А мужик, и правда, был красивым. Высокий рост, которым не мог похвастаться больше ни один мужчина в его семье, спортивная фигура – много лет занятий самбо и дзюдо не прошли даром, черные волнистые волосы (шелковые, по версии его матери), обрамлявшие по-детски круглое лицо, чуть удлиненные, но аккуратно подстриженные по последней моде баки, большие карие глаза, пристально смотревшие из-под длинных черных ресниц в самую душу, густые черные брови, придававшие еще больше смысла и без того глубокому взгляду, нос без характерной армянской горбинки, волевой подбородок с забавной ямочкой посередине. Гевуш говорил по-русски свободно, но с легким армянским акцентом, что придавало его речи особый шарм и вызывало умиление у представительниц противоположного пола. Он был очень начитан и умел поддержать интересную беседу. А как он заразительно смеялся! В его глазах зажигались озорные огоньки, рот расплывался в широкой, по-детски искренней улыбке, он хлопал ладонью по коленке, и, запрокинув голову назад, заходился от хохота. Кто мог устоять перед этим мужчиной? Альфия не смогла.

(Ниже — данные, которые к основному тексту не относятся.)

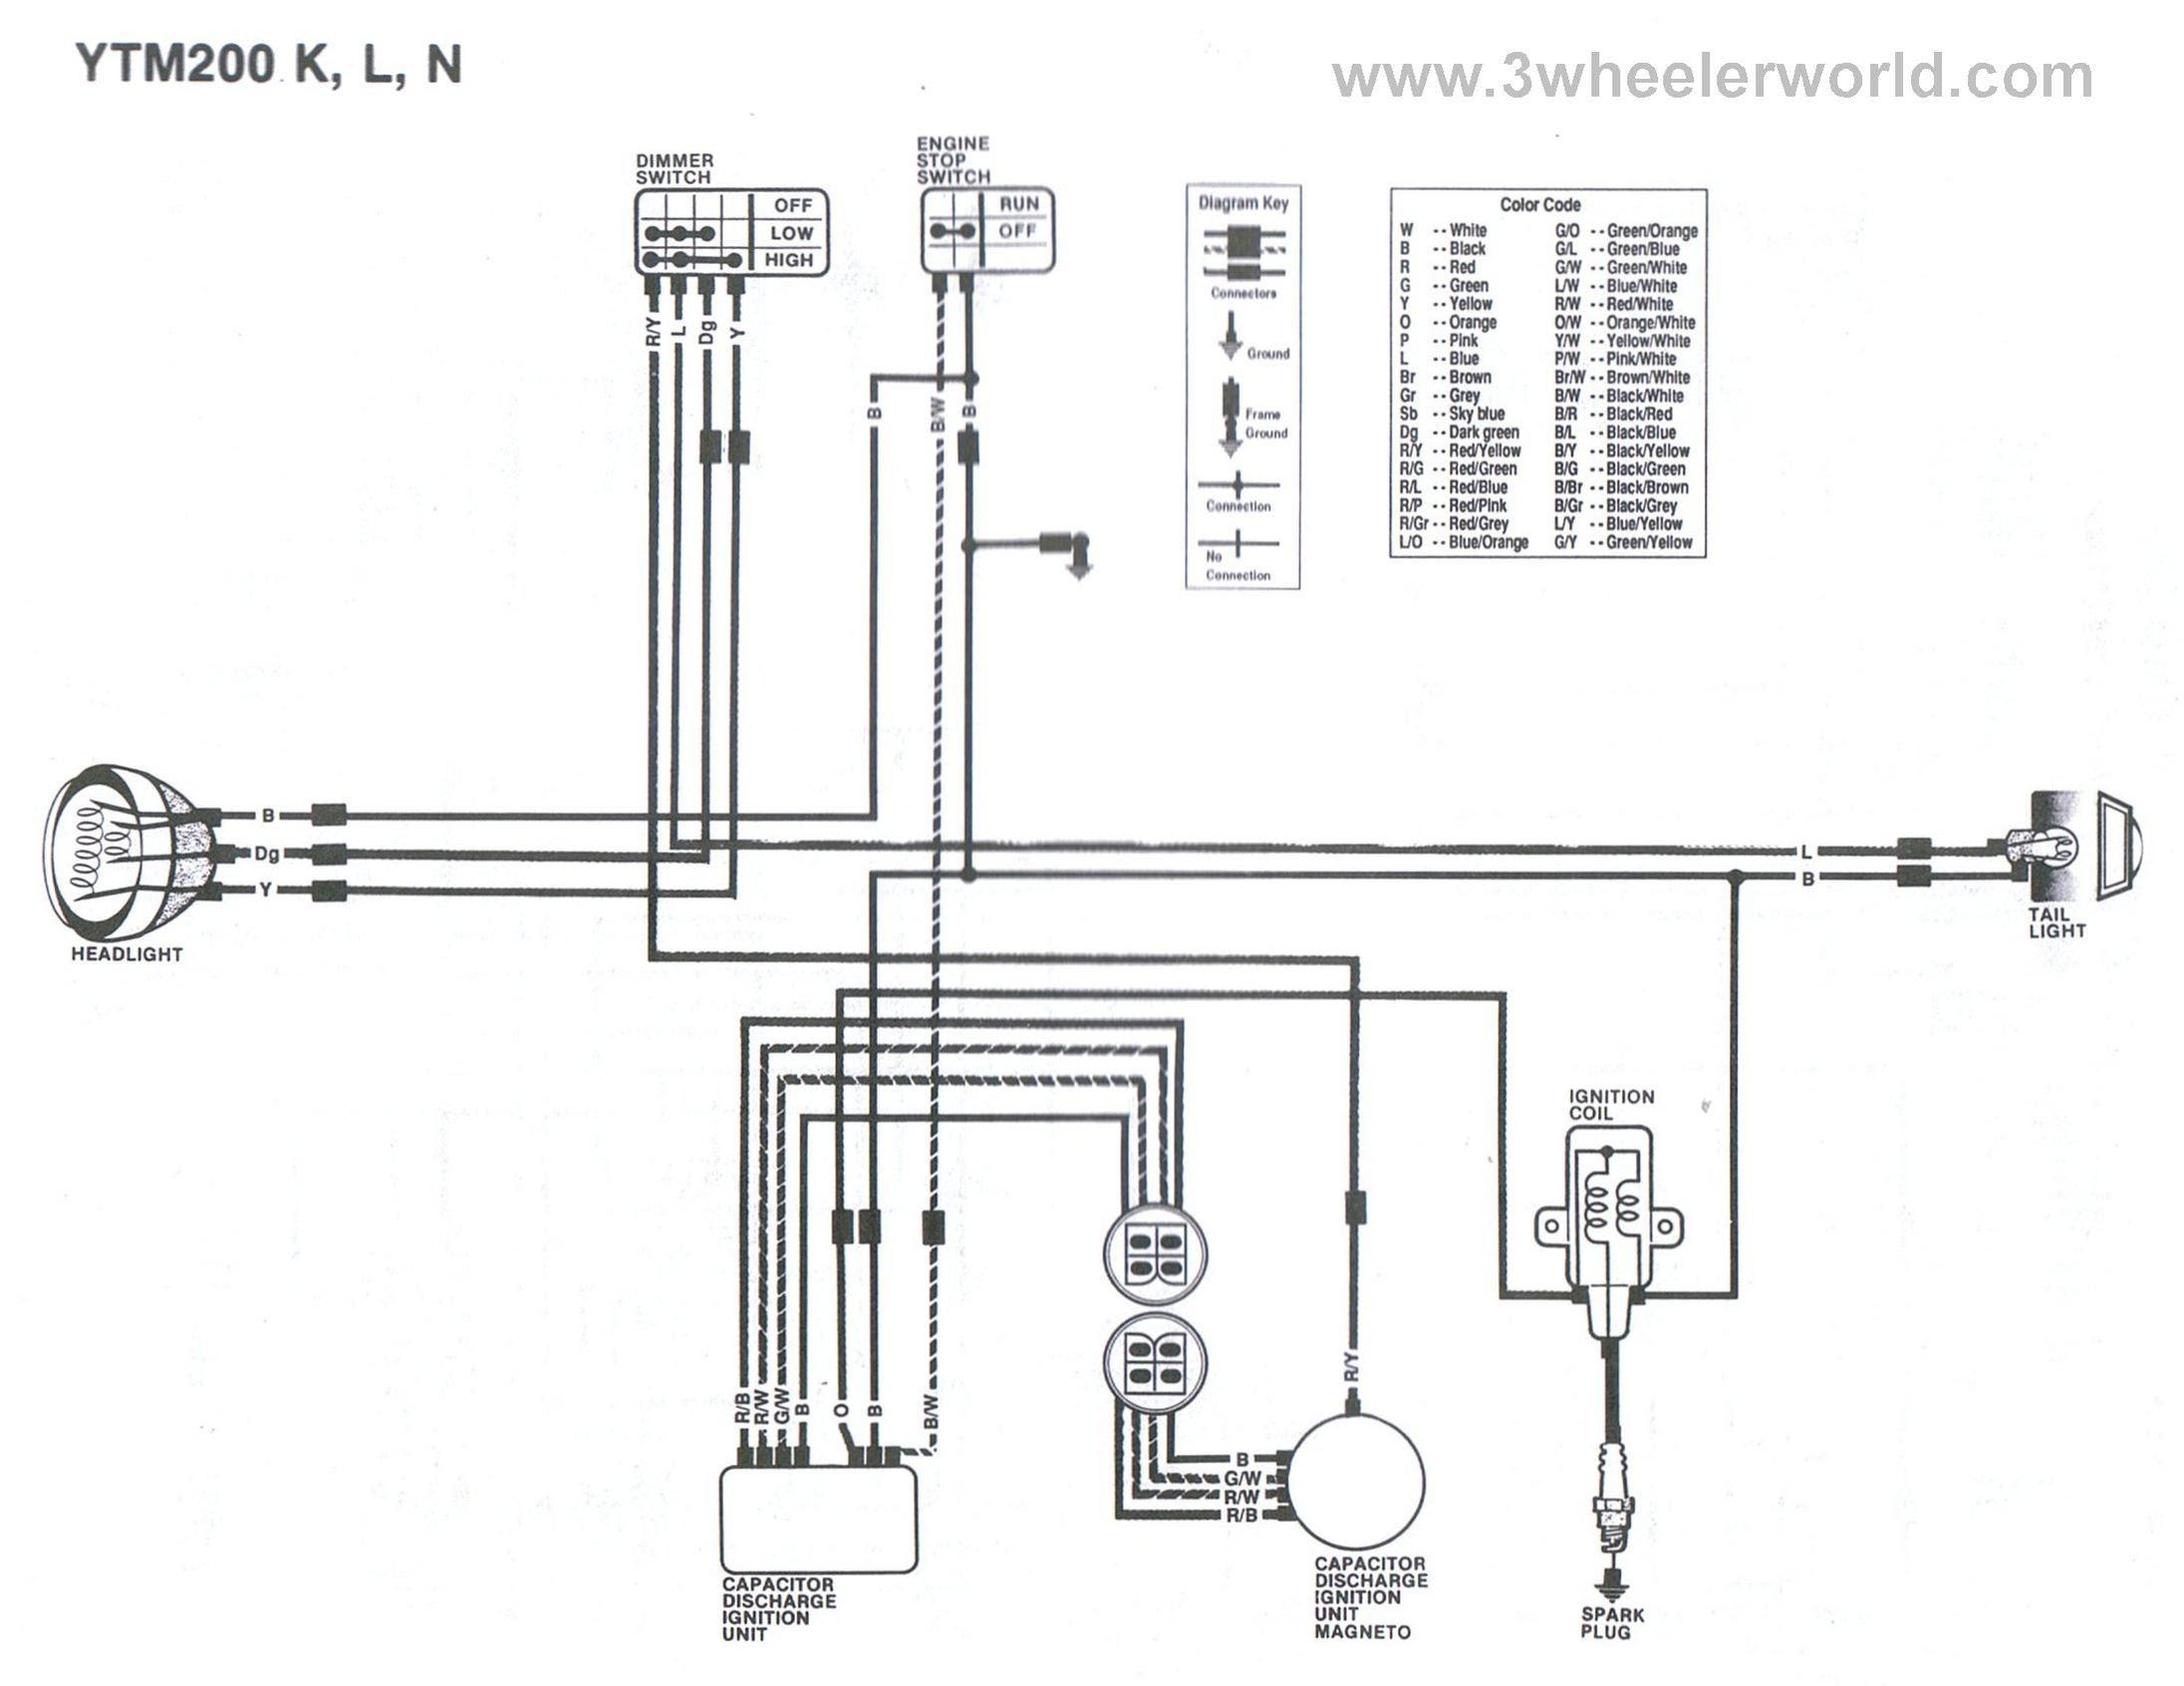 3wheeler World Yamaha Ytm200 K N L Tri Moto Wiring Diagram

Татары говорят, чтобы Бог услышал молитвы, молиться надо на рассвете. Однажды Альфия услышала об этом от своей матери, и, будучи беременной, она исправно каждый день вставала в четыре утра и молилась, чтобы ребенок был похож на ее любимого мужчину, на Гевуша. От красивого мужика должен был родиться такой же красивый ребенок. Она так решила.

– Как назовем ребенка? – спросил Гевуш, держа в руках нарядный белый сверток с рюшами в день выписки.

– Давай назовем ее Нателлой! – предложила Альфия.

– Нателла? Грузинское имя? С чего вдруг? – удивился Гевуш. – Я хочу Риммой, в честь мамы.

– Твоя мама всегда мечтала о дочке и хотела назвать ее Нателлой, – пояснила ему жена, – она сама мне говорила. Это ее любимое имя! Так звали ее лучшую институтскую подругу.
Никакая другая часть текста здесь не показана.